Hasbro had initially planned to partner with Dreamwave to create the first ever western Transformers artbook, though the book had a complicated and troubled release. Still, it included original pieces by a large number of Dreamwave’s staple artists.

The Ultimate Guide

Simon Furman wrote a non-fiction book for Doring Kindersley covering the entire history of the franchise. Its in-universe details draw entirely from Dreamwave’s continuity, with Furman using it as an opportunity to flesh out underdeveloped aspects of his stories.

You Can Draw Transformers

A fair few Dreamwave and IDW assets formed the basis of a later how-to-draw guidebook from Doring Kindersley, also written by Furman. It included a one-page example comic depicting a fight between Devastator and the Dinobots.

The Beast Within

As bonus material for their DVD releases of the Sunbow cartoon, Metrodome threw in a two-part original comic by Darren Jamieson, set in a Sunbow-inspired continuity but drawing direct stylistic influence from Dreamwave’s work at the time—right down to the part where it’s kind of bad!

Transformers Legends

A bunch of freelance writers were contracted to write short stories for an anthology, edited by Trilogy author David Cian. With exception of the stories by Simon Furman and Robert N. Skir—covered in our Marvel reading guide—the rest were by people who hadn’t written for the franchise before (or since), and were set in a variety of continuities, drawing heavily from The Ultimate Guide (given to the authors as reference), but rarely fit exactly into canon; the following list simply gives the closest approximations for the settings:

The Unicron Trilogy

Armada #0-5

Dreamwave’s Armada comic began with a short preview issue, and its five-issue First Contact arc was written by Chris Sarracini, covering the transition from Cybertron to Earth.

Armada Volumes 1-4

Chris Sarracini was also commissioned to write four short comics to be packed in with Armada toys. Not overtly tying into his main Dreamwave series, but picking up from the same Earth-based status quo established by its end, these continued into the future of the Unicron Battles subline of the toys.

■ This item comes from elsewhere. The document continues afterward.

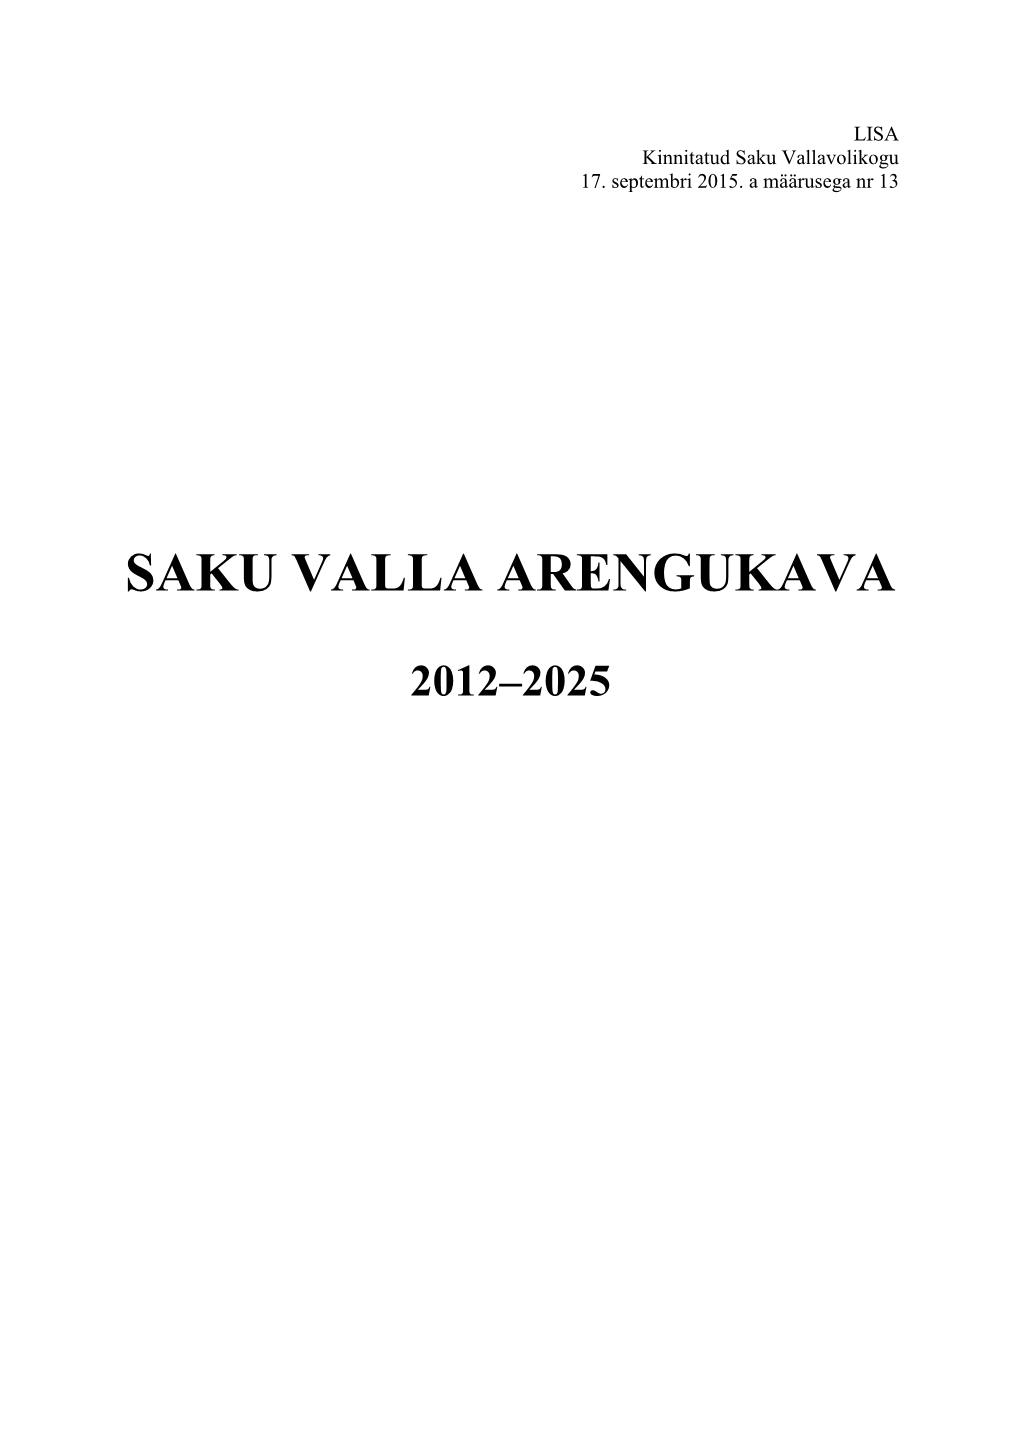 Saku Valla Arengukava 2011-2025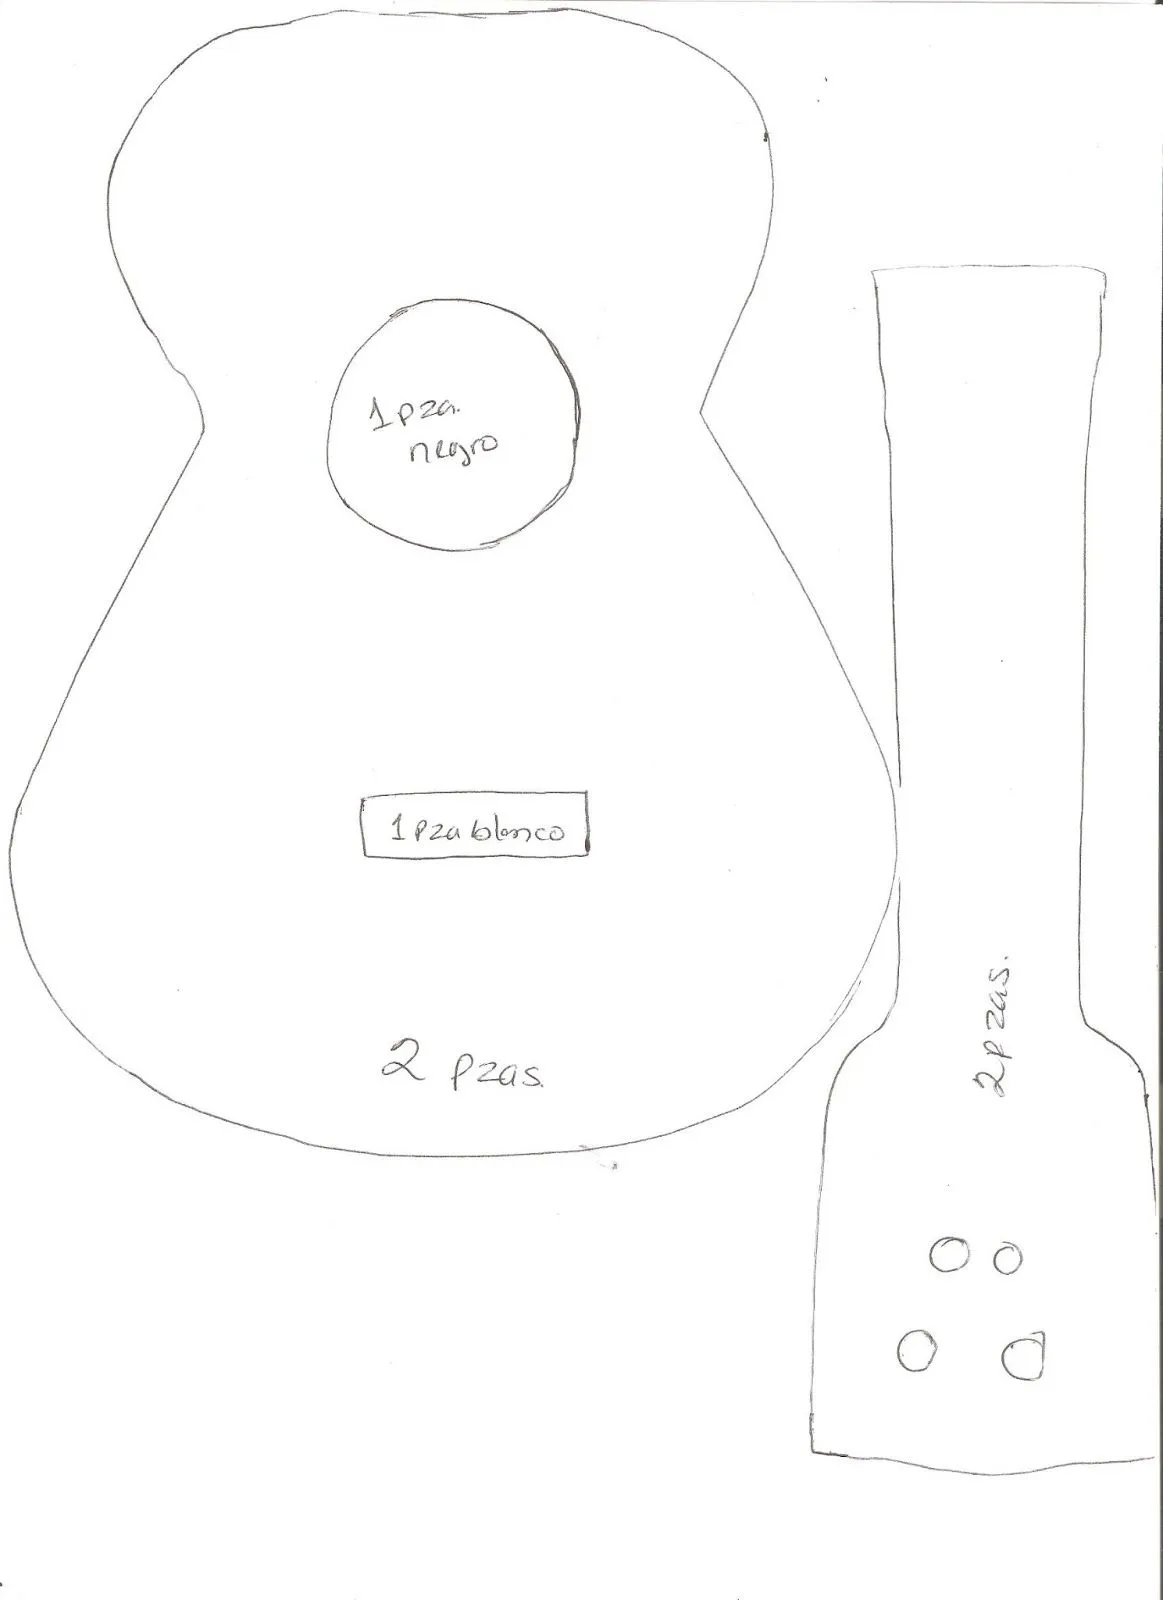 Como hacer una guitarra con fomi - Imagui

Armada Free Comic Book Day

Brandon Easton (who later wrote the little-liked Deviations and M.A.S.K. for IDW) contributed a special Free Comic Book Day story, which you may as well read between Sarracini and Furman’s runs.

Armada #6-18

When Sarracini dropped the ongoing to work on an Optimus Prime series (which never materialised), Furman took over for the Fortress arc—but to promote the Unicron Battles subline of the toys, he ended up having to shift the direction of the story significantly for the four-part Worlds Collide arc.

Armada (Panini) #1-9

Concurrently with his work for Dreamwave, Furman wrote comics for a UK-exclusive Armada magazine. These occasionally reused material from his Dreamwave scripts, but made up a standalone continuity. Starting with issue #3, a Tales of the Mini-Cons series of backup strips began. Due to poor sales, the magazine was cancelled before the publication of issue #10, for which some story details have been made public.

“The Balance of Power”

In 2004, to promote Atari’s Armada game for the PlayStation 2, Furman gathered some of the Marvel UK old guard to produce a comic explicitly intended as the TFUK counterpart to the Dreamwave series he was working on at the time, with this eleven-page pack-in comic set in the game’s continuity.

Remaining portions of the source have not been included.